From first line to last, transcribe the listing exactly and skip any image.
START Working data
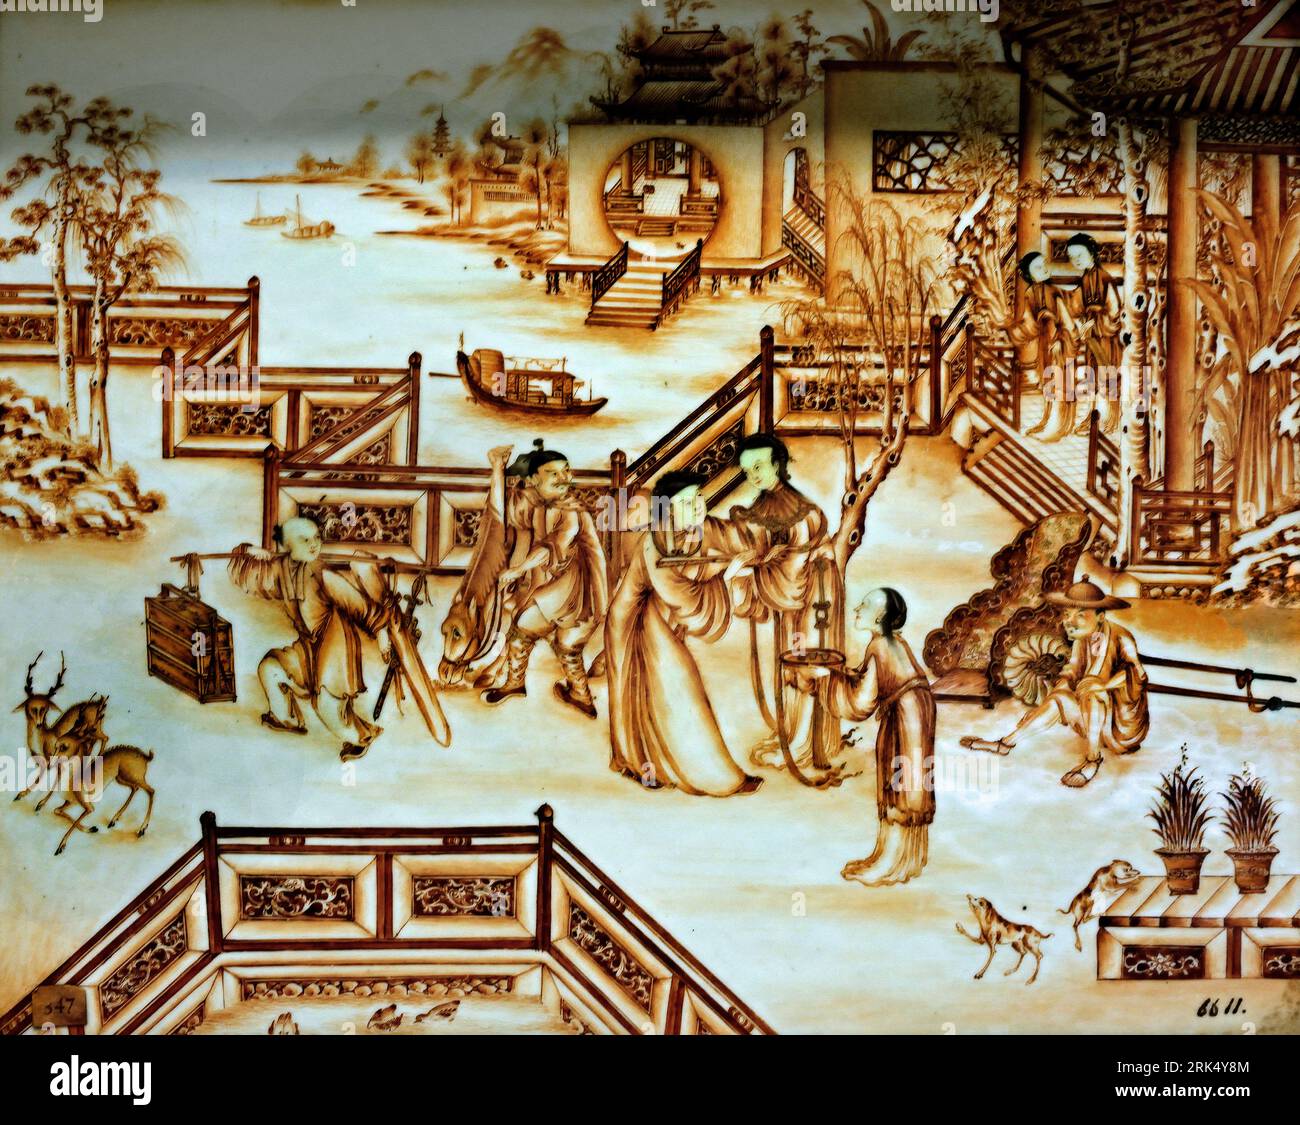 Tafel mit Figuren auf einer umzäunten Terrasse in der Nähe eines Pavillons China. 1770 - 775 Qing-Dynastie (1644-1912) / Qianlong-Periode (1736-1795) Chinesischer Porzellan (Metall) Rahmen: Holz (Pflanzenmaterial) Länge 41 cm x Breite 34 cm Darstellung zeigt eine Abschiedsszene einer Frau und eines Mannes auf einer umzäunten Terrasse für einen Pavillon Stockfoto
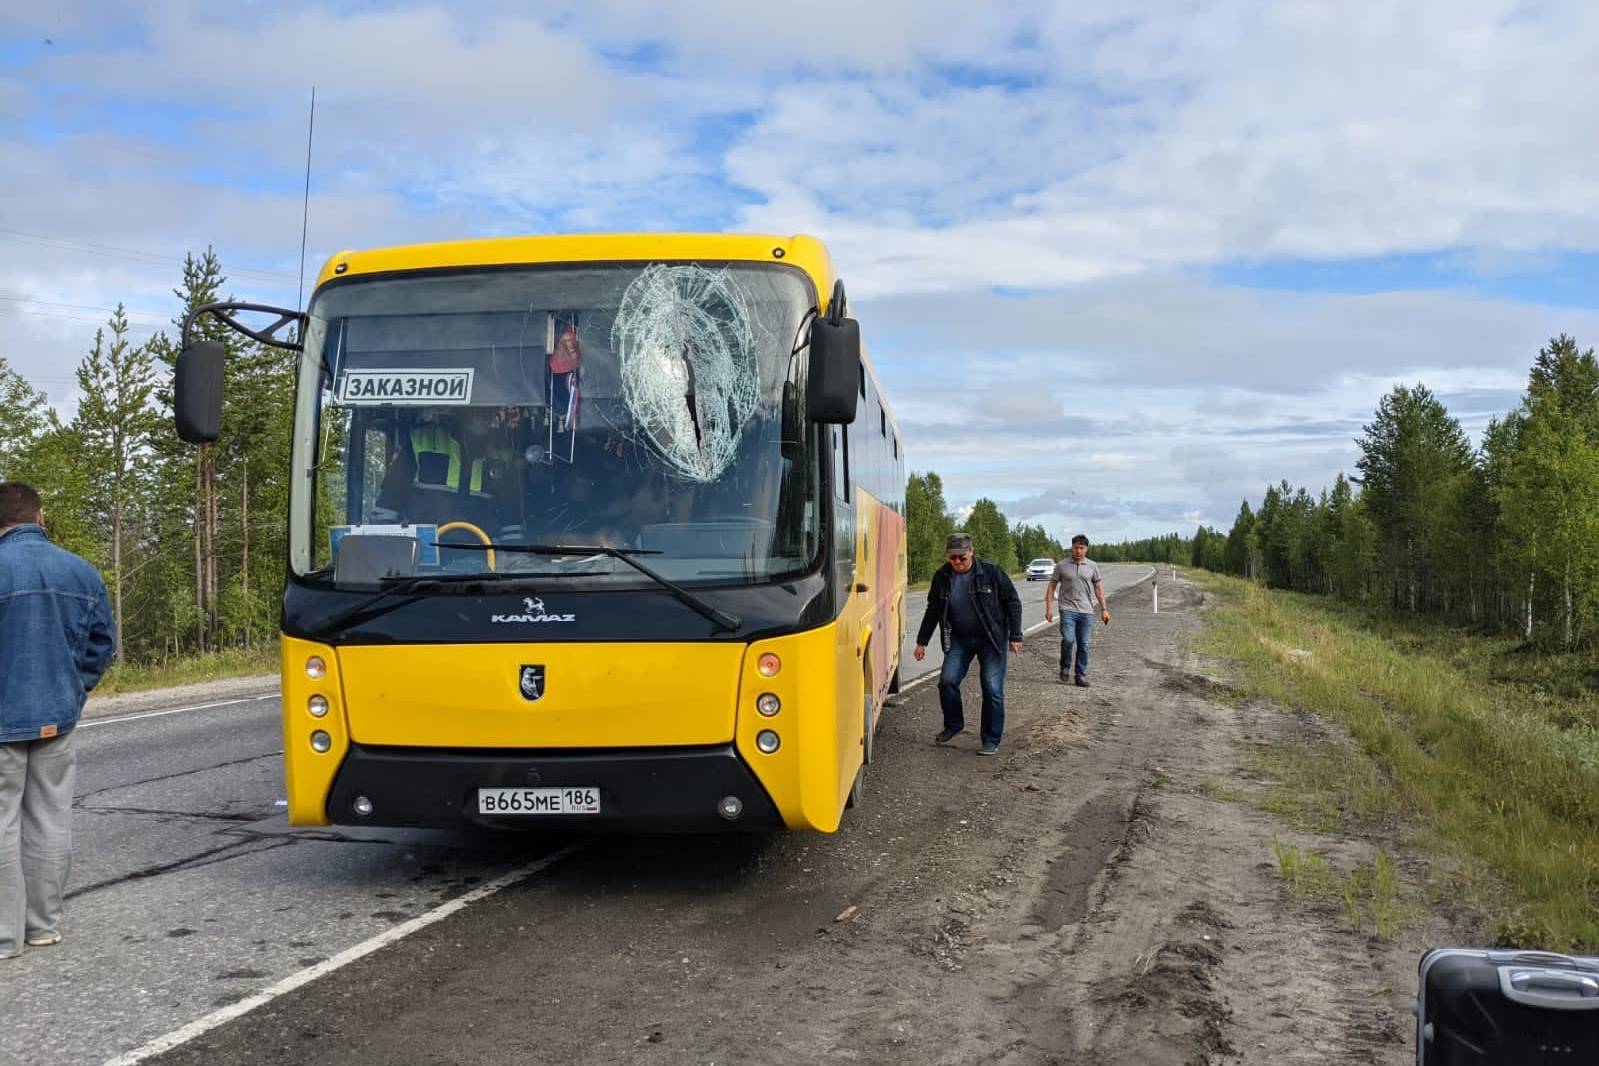 Как в "Пункте назначения": На Ямале водителя автобуса убило вылетевшим из грузовика ломом
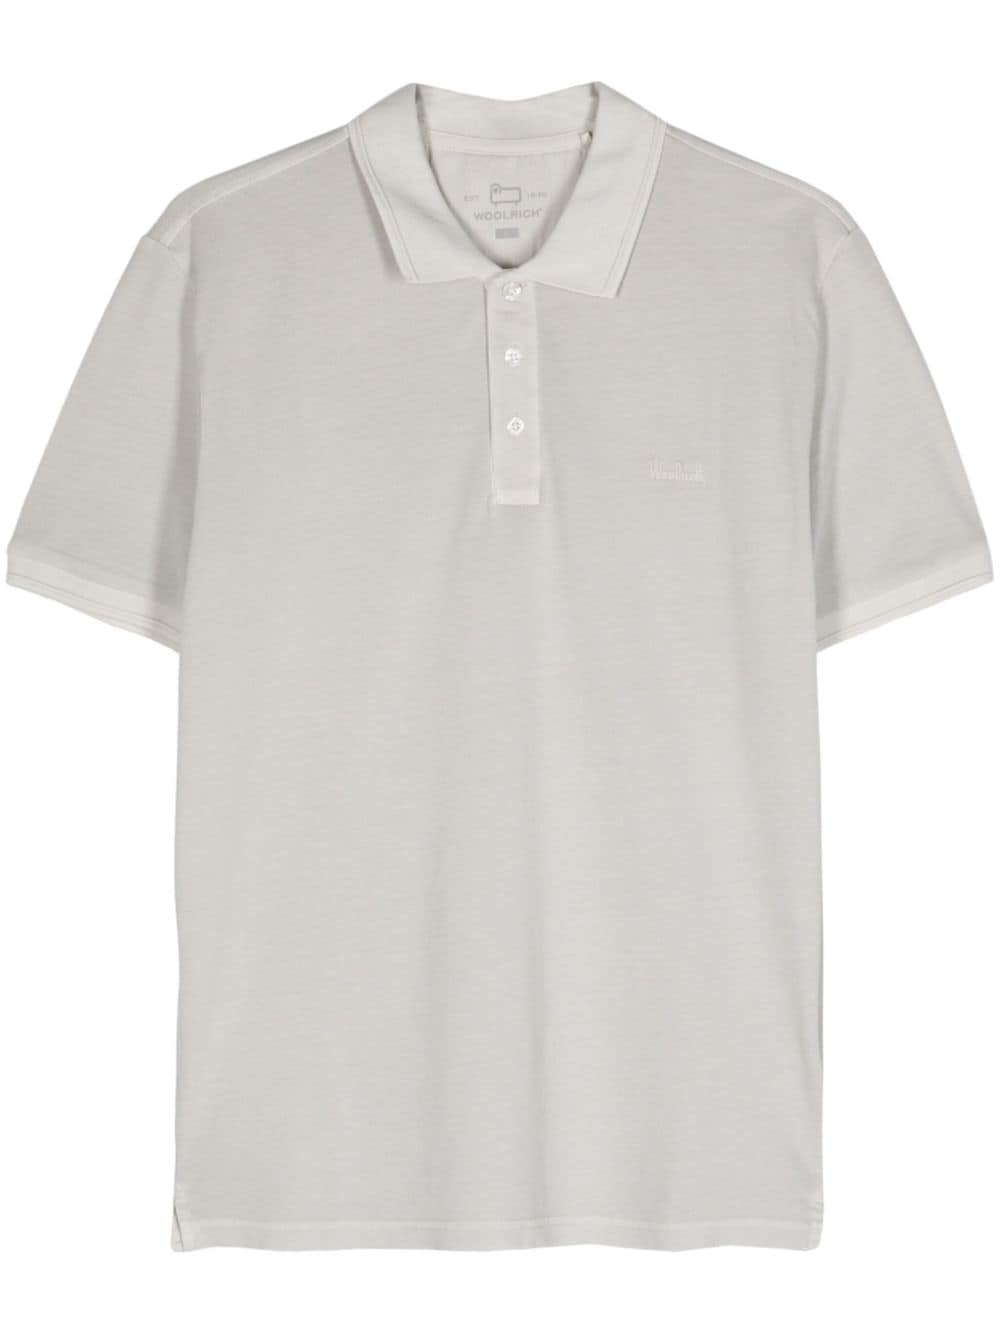 Woolrich Mackinack polo shirt - Grau von Woolrich
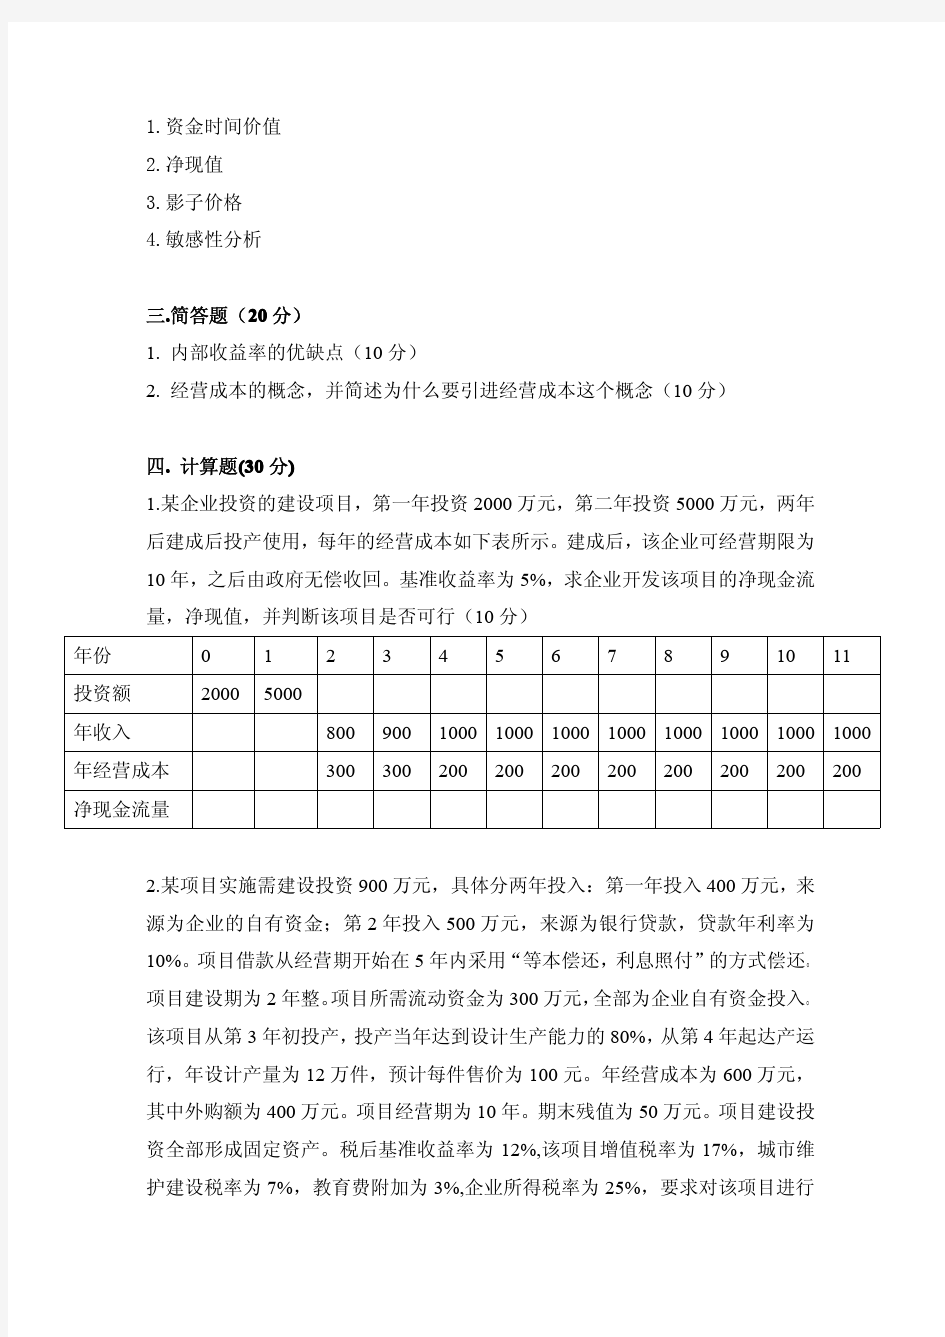 《工程经济学》姜早龙 中南大学出版社 2005年版
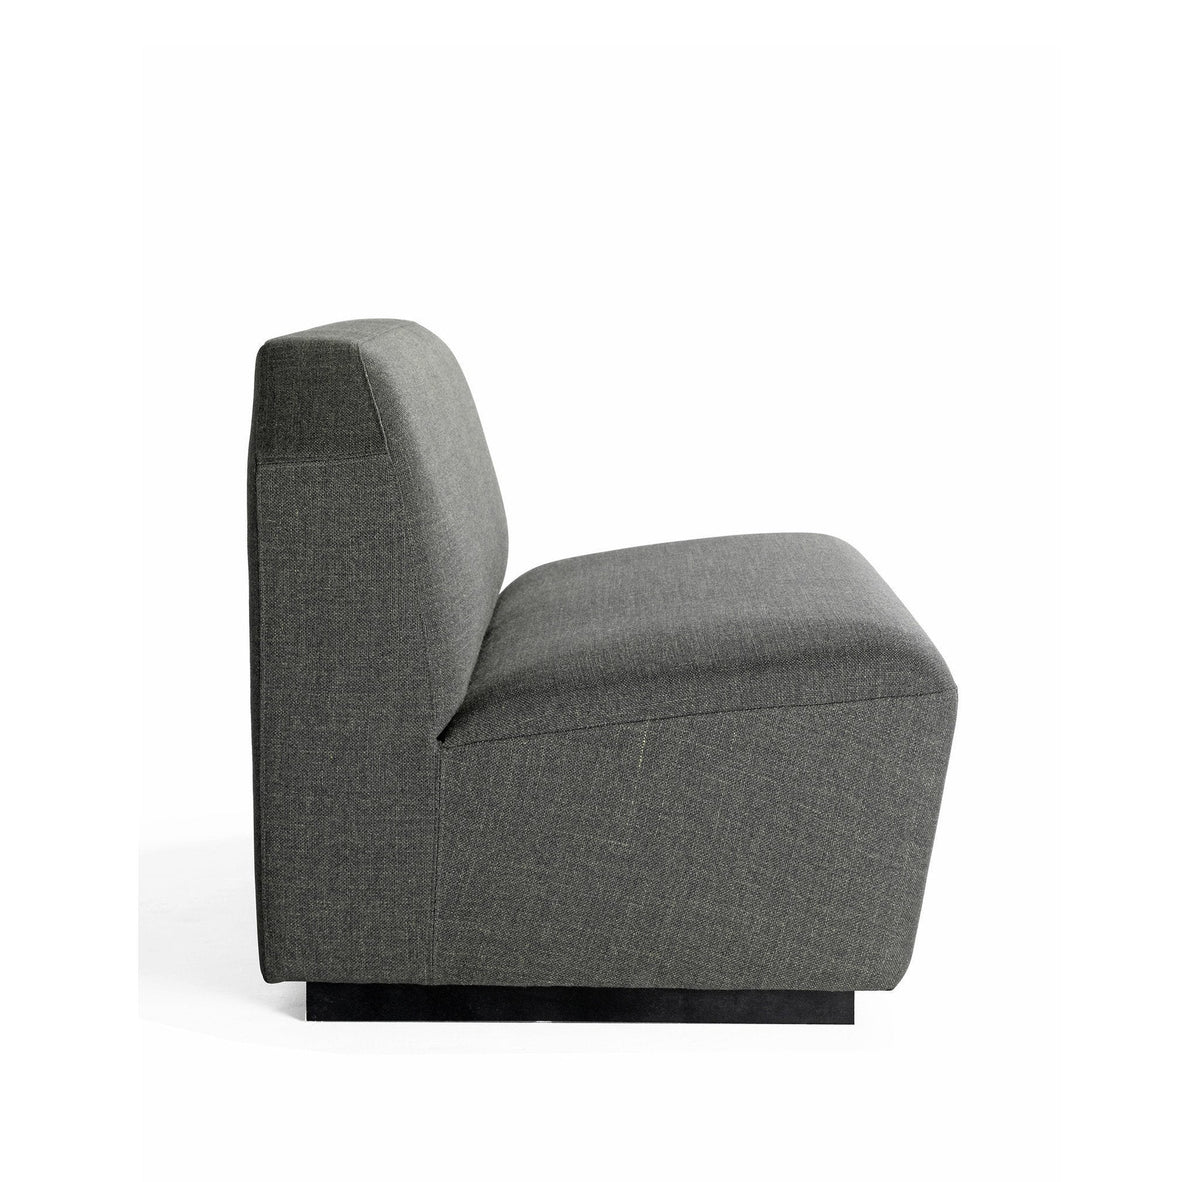 Cumulus 2S Modular Sofa Unit-Mitab-Contract Furniture Store
END Working data
> Response below
 Tafel mit Figuren auf einer umzäunten Terrasse in der Nähe eines Pavillons China. 1770 - 775 Qing-Dynastie (1644-1912) / Qianlong-Periode (1736-1795) Chinesischer Porzellan (Metall) Rahmen: Holz (Pflanzenmaterial) Länge 41 cm x Breite 34 cm Darstellung zeigt eine Abschiedsszene einer Frau und eines Mannes auf einer umzäunten Terrasse für einen Pavillon Stockfoto
 Как в "Пункте назначения": На Ямале водителя автобуса убило вылетевшим из грузовика ломом
 Woolrich Mackinack polo shirt - Grau von Woolrich
 《工程经济学》姜早龙 中南大学出版社 2005年版
 Cumulus 2S Modular Sofa Unit-Mitab-Contract Furniture Store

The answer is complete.